Dans cette situation d’inachevé, le site à travers cette page se soumet à la temporalité du mouvement, pas seulement parce que la visite guidée contient des images et une parole qui défilent, mais aussi dans son abandon ultérieur.
La visite guidée noue aussi des liens à la conversation permanente sur twitter, qui si elle a beau être écrite, défile comme une conversation orale avec ses continuités et ses ruptures. Le caractère d’archive permet autant le retour que l’oubli, ou le hasard de la (re)trouvaille, ce qu’on appelle par ailleurs la sérendipité, où l’on trouve ce qu’on n’a pas cherché. Est ouvert par là un espace énorme dans lequel nous avons tendance à nous perdre sans être conscients des fils qui nous conduisent d’un lien à l’autre, des moteurs qui nous pistent pour nous soumettre d’autres liens dans l’espoir de nous guider vers les espaces ciblés par les programmateurs.
Notes
[1] Bernard. Noël, L’Espace du poème, POL, 1998, p. 69-72. Et aussi : « L’espace que je cherche à rendre sensible est le contraire [des formes fixes] : il appelle la construction au lieu de n’avoir d’existence qu’à partir d’elle – il l’appelle puis s’y abolit. […]. Les formes fixes – et tel est leur aspect le plus notable – s’imposaient à l’œuvre de l’extérieur, tout comme la religion imposait de l’extérieur ses règles à l’intériorité ; bien au contraire, les formes spatiales dont j’évoque l’effet sont internes : elles structurent par orientation, par aimantation et non par contrainte » (p. 160-161).

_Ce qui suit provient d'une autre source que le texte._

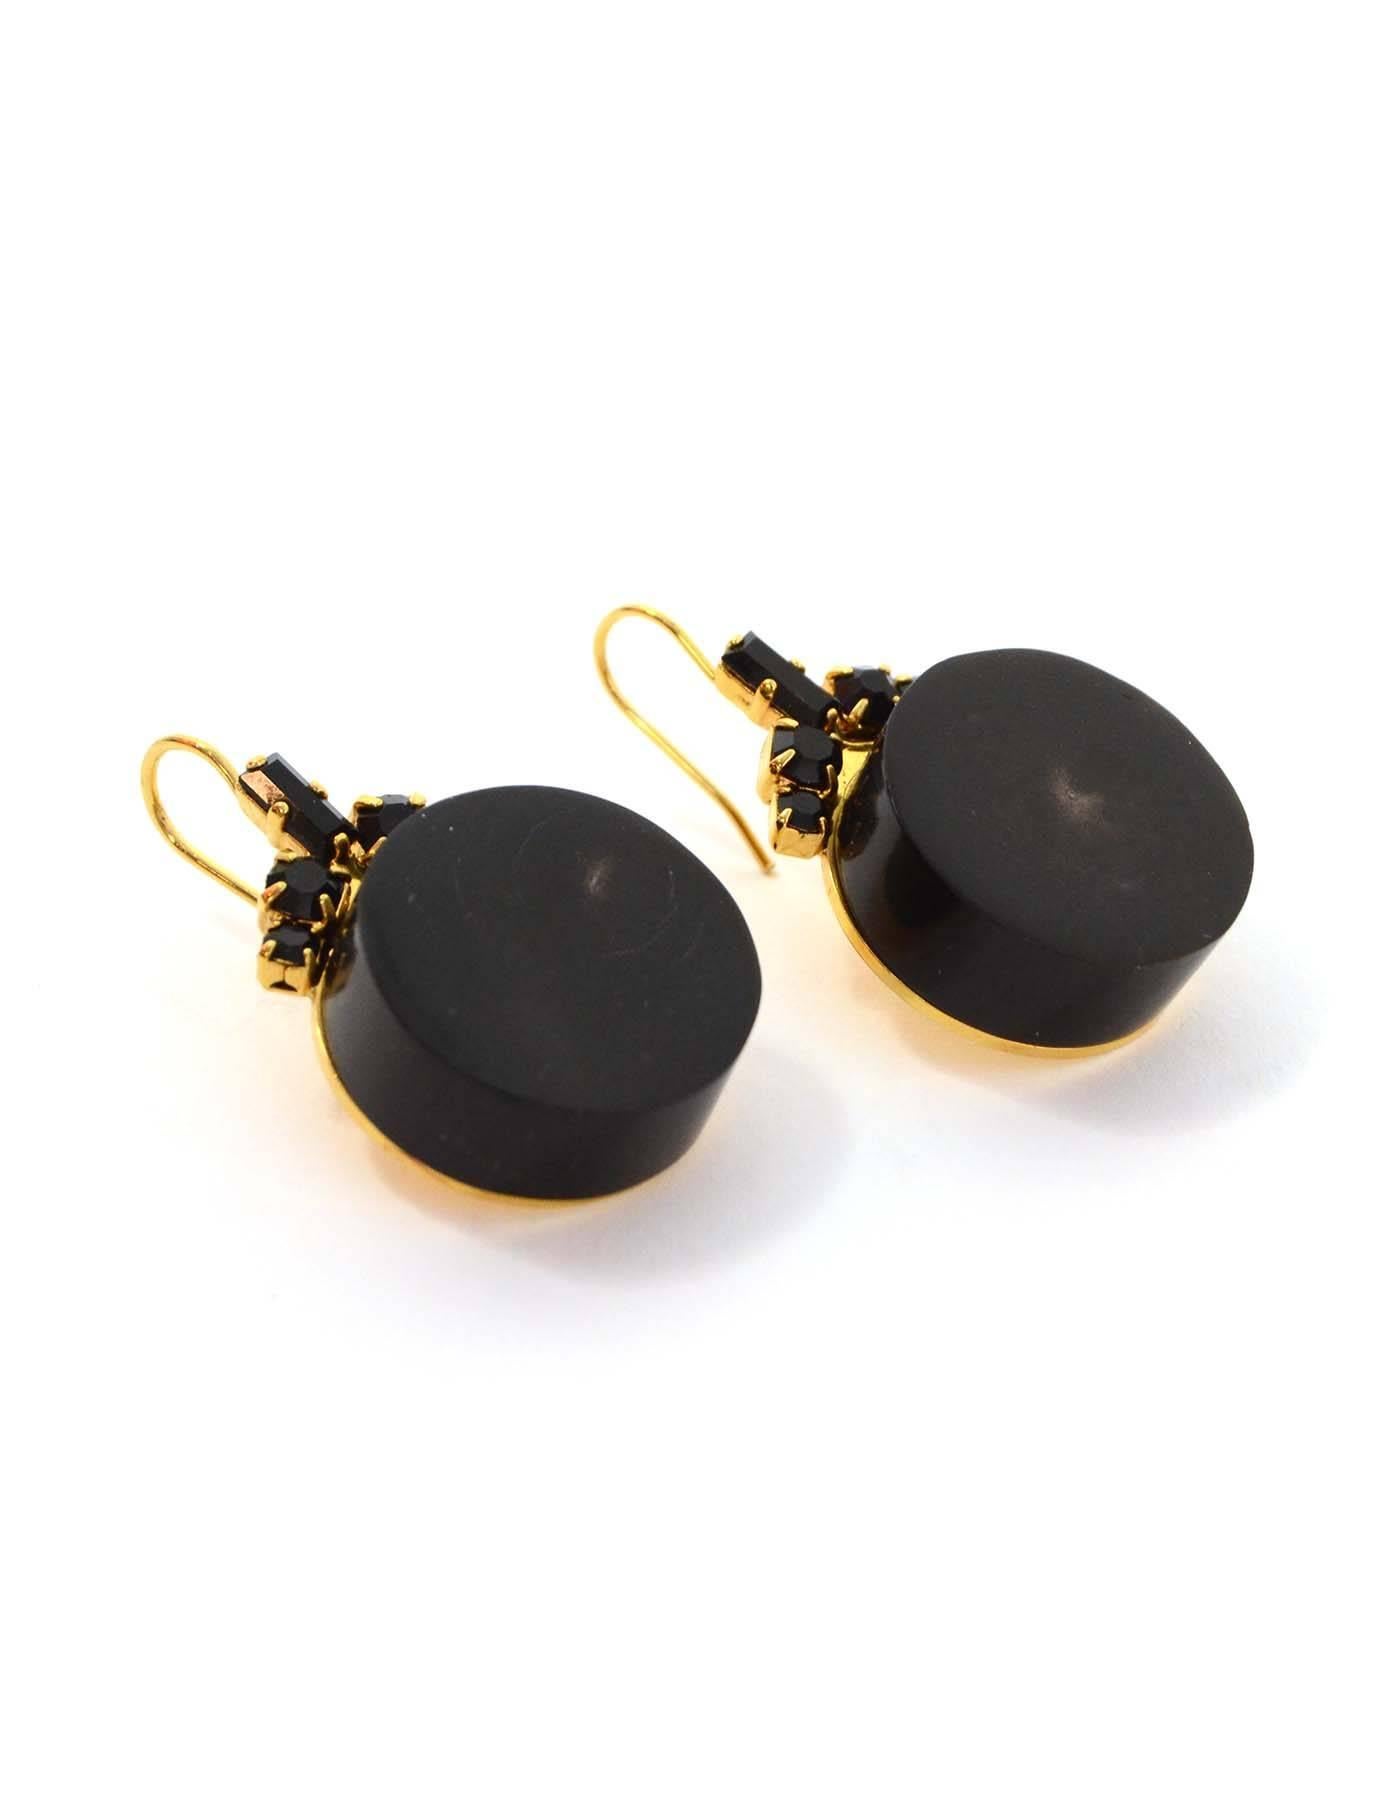 Marni Black & Gold Drop Earrings 
Features black baguette crystals at top with black wood-printed resin cylinders below

Color: Black
Hardware: Goldtone
Materials: Metal and resin
Closure: Pierced back hook- no closure
Stamp: Marni
Overall

[2] A. Maïsetti, « Sites et espaces littéraires », repris dans Sites et écritures, publie.net, 2011 : « […] le site n’est plus localisé dans l’espace de tel ou tel carnet, ni livré à l’auteur seul – il est à la fois dé-matérialisé dans l’espace du web, et re-configuré sur chaque écran : c’est parce que cet espace n’est de nulle part, qu’il peut se porter partout. Aujourd’hui, avec la multiplication des supports (smartphones, tablettes, ordinateurs de toutes tailles), beaucoup de ces sites intègrent des moyens pour moduler cet espace en fonction des supports : embarquer telle ou telle police selon les appareils, changer les dispositions, etc. L’espace n’existe plus nativement, ou d’origine. Il n’est pas l’origine en amont du texte, mais sa configuration progressive selon ses supports. »
[3] François Bon, « Digression | ce que serait le site d’une seule histoire », en ligne ici. Consulté le 5 juin 2015.

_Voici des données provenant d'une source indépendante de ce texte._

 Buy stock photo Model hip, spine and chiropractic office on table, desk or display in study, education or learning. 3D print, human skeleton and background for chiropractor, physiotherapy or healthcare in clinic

[4] François Bon, entretien Th. Hesse, 2003, p. 4.
[5] Maurice Blanchot, L’ espace littéraire, Paris, Gallimard, 1955/2009, p. 300.
[6] François Bon, Après le livre, Paris, Seuil, 2011, p. 10. Ou encore, comme l’écrivent R. Audet et S. Brousseau : « œuvre -archive profondément mosaïquée » (2011, p. 12).
[7] Anne Herschberg-Pierrot, Le style en mouvement: littérature et art, Paris, Belin, 2005.
[8] Roland Barthes, La préparation du roman. I et II, Notes de cours et de séminaires au Collège de France, 1978-1979 et 1979-1980, Paris, Seuil / IMEC, 2003, p. 246-253.
[9] François Bon, « Coupures, transitions, ouvertures (notes pour Shenzhen, màj 06) », en ligne ici. Consulté le 4 juin 2015.
[10] Il arrive que ces tentatives restent assez longtemps disponibles, puis disparaissent du jour au lendemain parce que pour une raison ou une autre l’auteur s’est rappelé de son existence. L’article 3635 ne répond plus. Consulté le 7 juin 2015. Mais dans une intuition que cet article a été condamné à disparaître, j’ai récupéré la vidéo en question.
[11] Daniel Bourrion, Jean-Christophe Diedrich et Olivier Toussaint, « La croisée des routes », en ligne ici. Consulté le 7 juin 2015.
[12] Bernard Noël, L’espace du poème : entretiens avec Dominique Sampiero, Paris, P.O.L, 1998, repris dans La Place de l’autre, Œuvres III, P.O.L 2013, p. 726.